People are tired of religion, but many have a heart for God. This is manifest even in our culture where "spirituality" is vogue. Having a heart for God is why people flock to Promise Keepers events and revival locations such as the Toronto Airport Christian Fellowship or Brownsville Assembly of God in Pensacola, Fla. As we've begun hosting conferences, we've come to understand how having a hungry heart is what draws people.
Having a heart for God is not about being "saved" or not, though that is a necessary first step. The Christian life is more than "fire insurance" to keep you out of hell. It's about whether you have a heart for God, whether you are pursuing God, as it says in the Bible: "If you look for Me in earnest, you will find Me when you seek Me" (see Jer. 29:13, emphasis added).

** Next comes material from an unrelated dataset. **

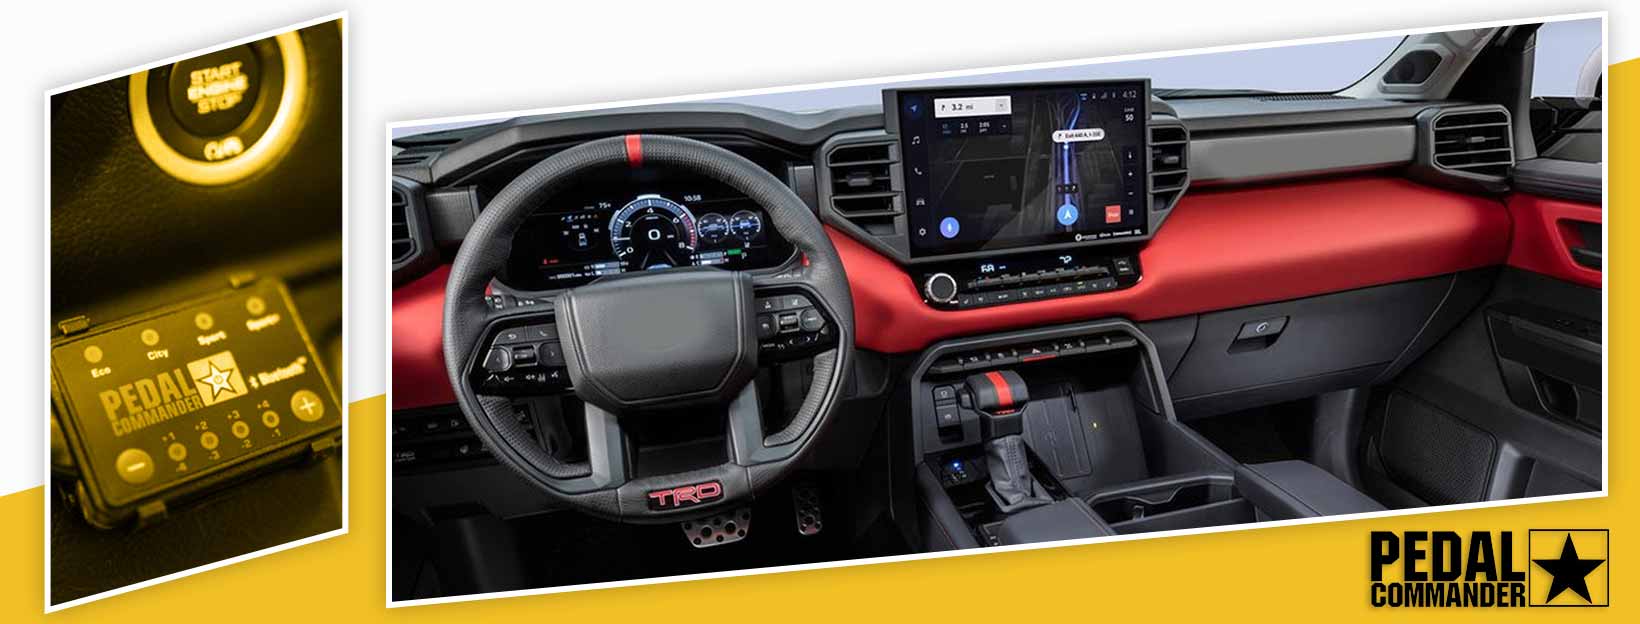 Pedal Commander for Toyota Tundra - interior

In recent months I have noticed a new stirring in my heart. It's been part of an odyssey that has involved being more involved in public ministry and also finishing my first book, Old Man New Man, which is excerpted in this issue. The process of looking deeply within has made me realize how my heart cries out for more of God--not superficial charismatic spirituality, but something deep where I know God and understand that He knows me.
As I wrote Old Man New Man, I interviewed scores of men who say they feel the same way. They want more of God, but they feel unworthy. It's as if God won't accept them as sons with their imperfections.

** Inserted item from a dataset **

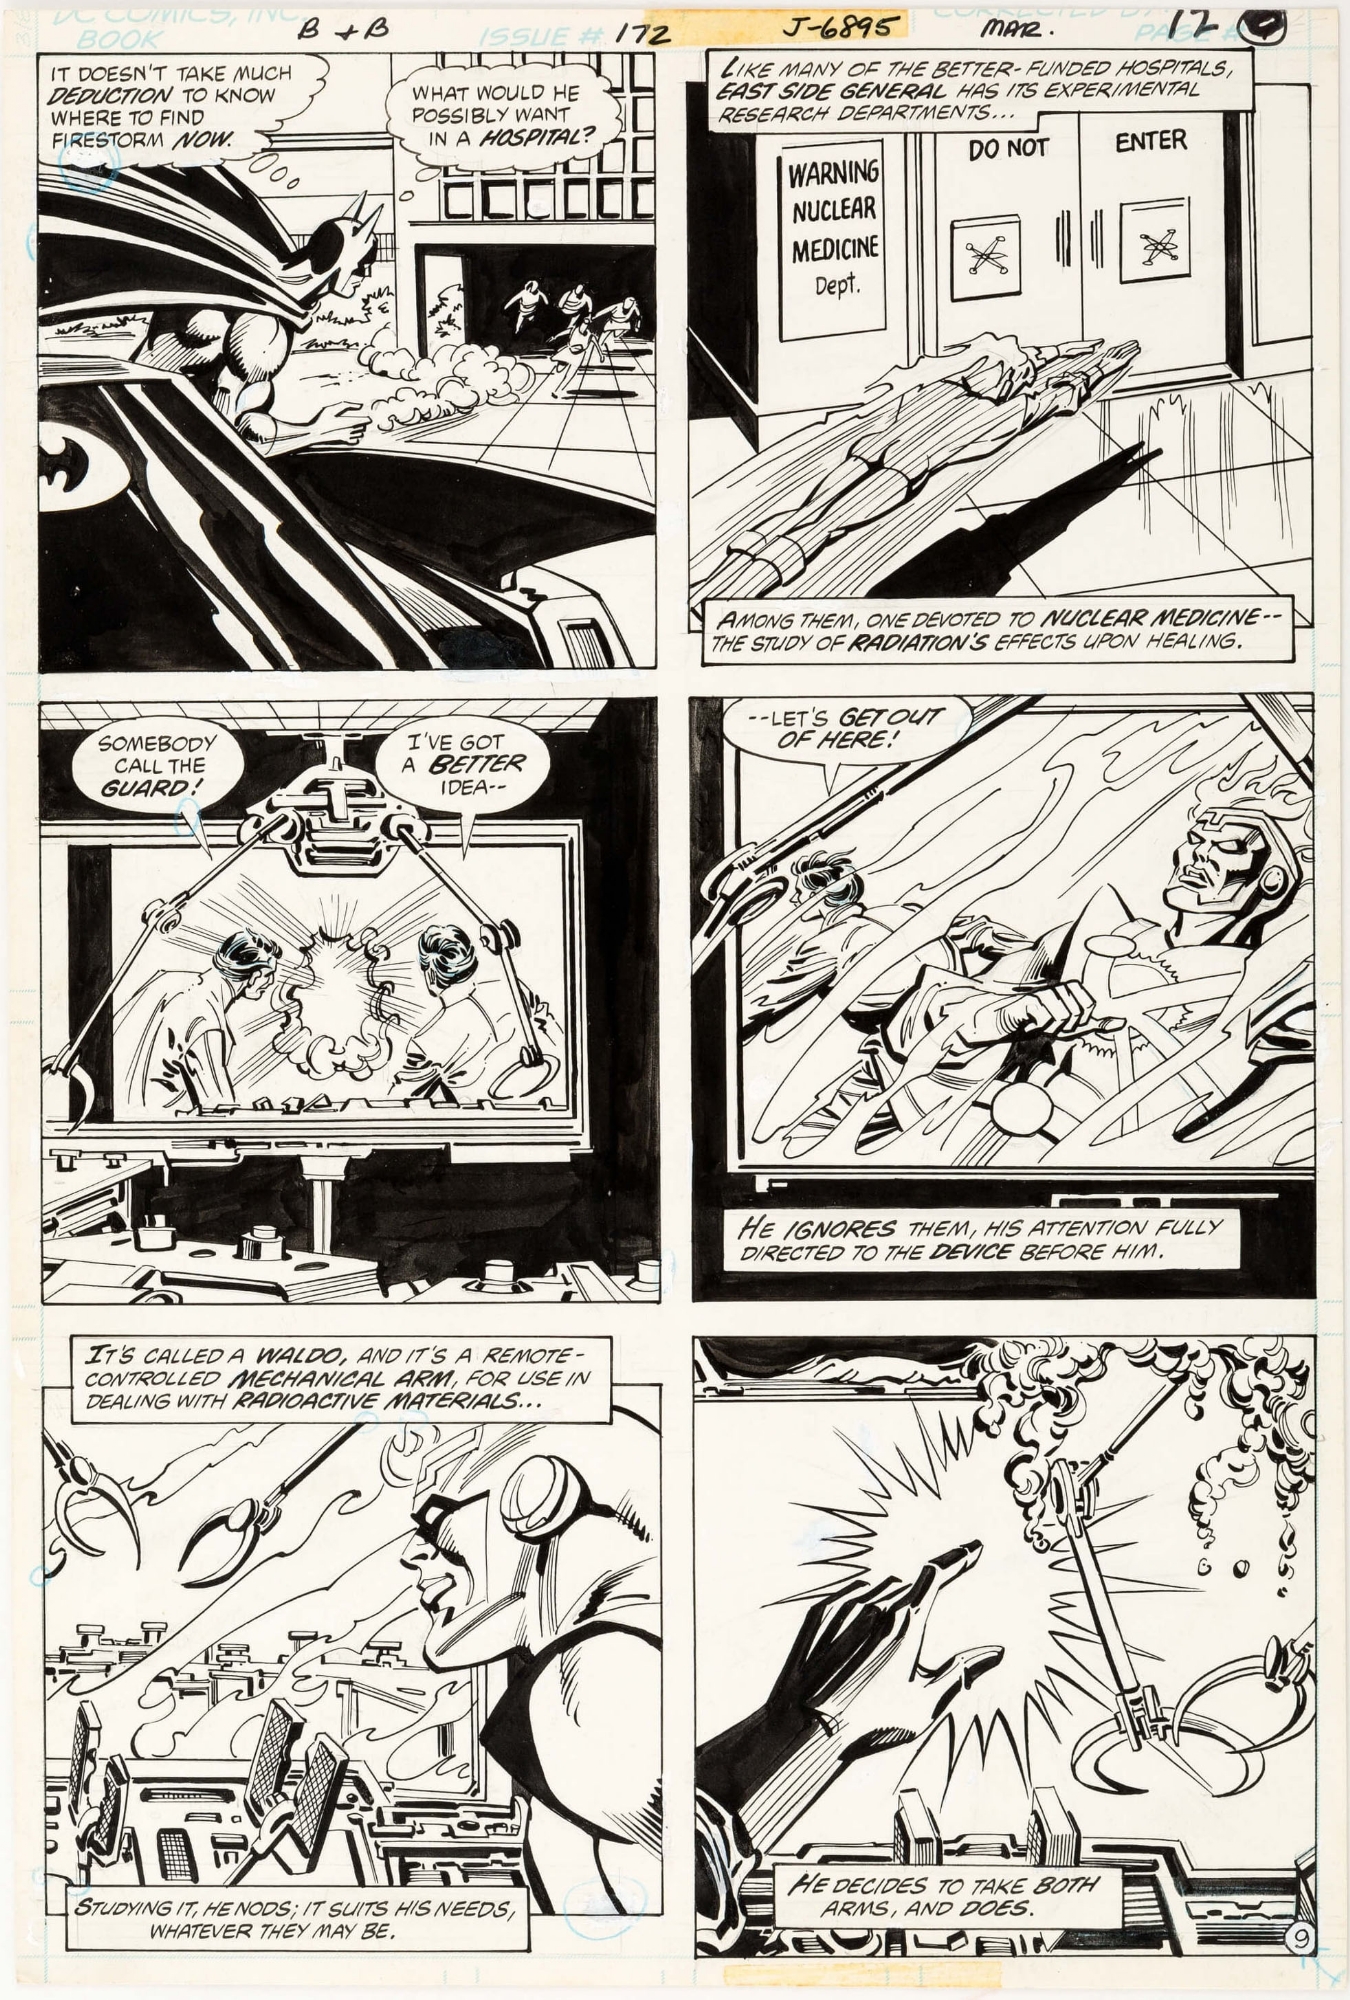 The Brave and the Bold #172 Page 9 BATMAN & FIRESTORM Original Art, in *  Neon Dragon's COMIC ART (SUPERHEROES) - BATMAN Comic Art Gallery Room

That's why a message by Mike Bickle at the 1999 Charisma conference seemed so life-changing for those who heard it. Bickle's book, Passion for Jesus, tells of his own odyssey to know God better. I invited him to speak at the conference because I knew he could lead people into God's presence.
But I was blown away by the revelation he taught. Mike asked this important question: Are you a sinner who struggles to love God, or are you a lover of God who struggles with sin? The answer will change your life and your destiny. It determines how we look at ourselves and our relationship with God.

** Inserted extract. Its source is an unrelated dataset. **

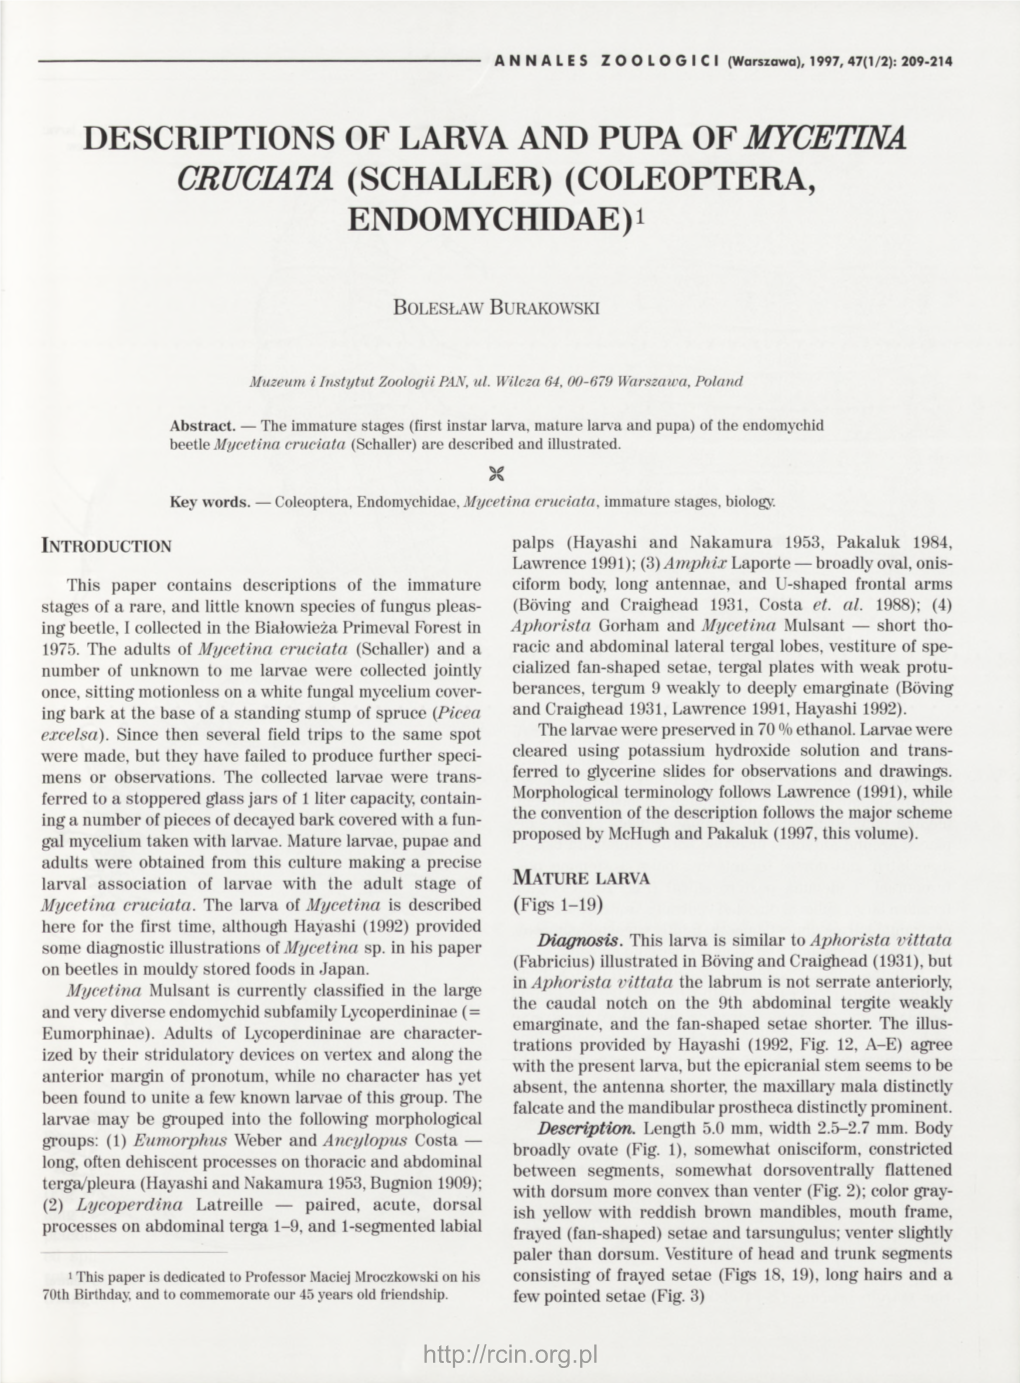 Descriptions of Larva and Pupa of Mycetina Cruciata (Schaller) 211

Because we know our own shortcomings, we have trouble understanding that God loves us and enjoys being with us. We think we must achieve some sort of spiritual perfection before we can be good enough for God to love us. It's a fear--a fear of rejection by God. This fear paralyzes even Christian leaders, who go through the motions but underneath have deep shame that places them in shackles and binds them.
I know men who have been Christians for many years, yet who are still in a tailspin because they know they fall short. They fail to understand how much God the Father loves them--right now. They think God must be mad at them.
If the greatest longing is the assurance that we are enjoyed by God even in our weakness, then the greatest fear is that God will reject us. If that fear is lodged in the core of our beings, it will have a colossal effect on how we look at ourselves--whether we live in fear or faith, and whether we run to God or from God.
Jesus wants to reinstate you in the confidence that God enjoys you. If you remember that God longs to embrace you--even though you may fall short--then you won't stay in sin very long. It's not about getting totally set free in an instant; it's about the truth renewing you every time you come back. In time, the besetting sin will be gone.
The devil wants you to run from God, not to God. The devil wants you to define your success by your struggle, but God wants you to define your success by His love for you and by your love for Him.
Consider the apostle John, the only writer of the Gospels who records Jesus saying, "I have loved you even as the Father has loved Me" (see John 15:9). John understood such love. Isn't it interesting that he was the only disciple who didn't run when Jesus was crucified?
When we understand this love, we'll also be able to stand strong--no matter what the devil throws at us, no matter what in our past would bring us down, or no matter what we are trying to overcome.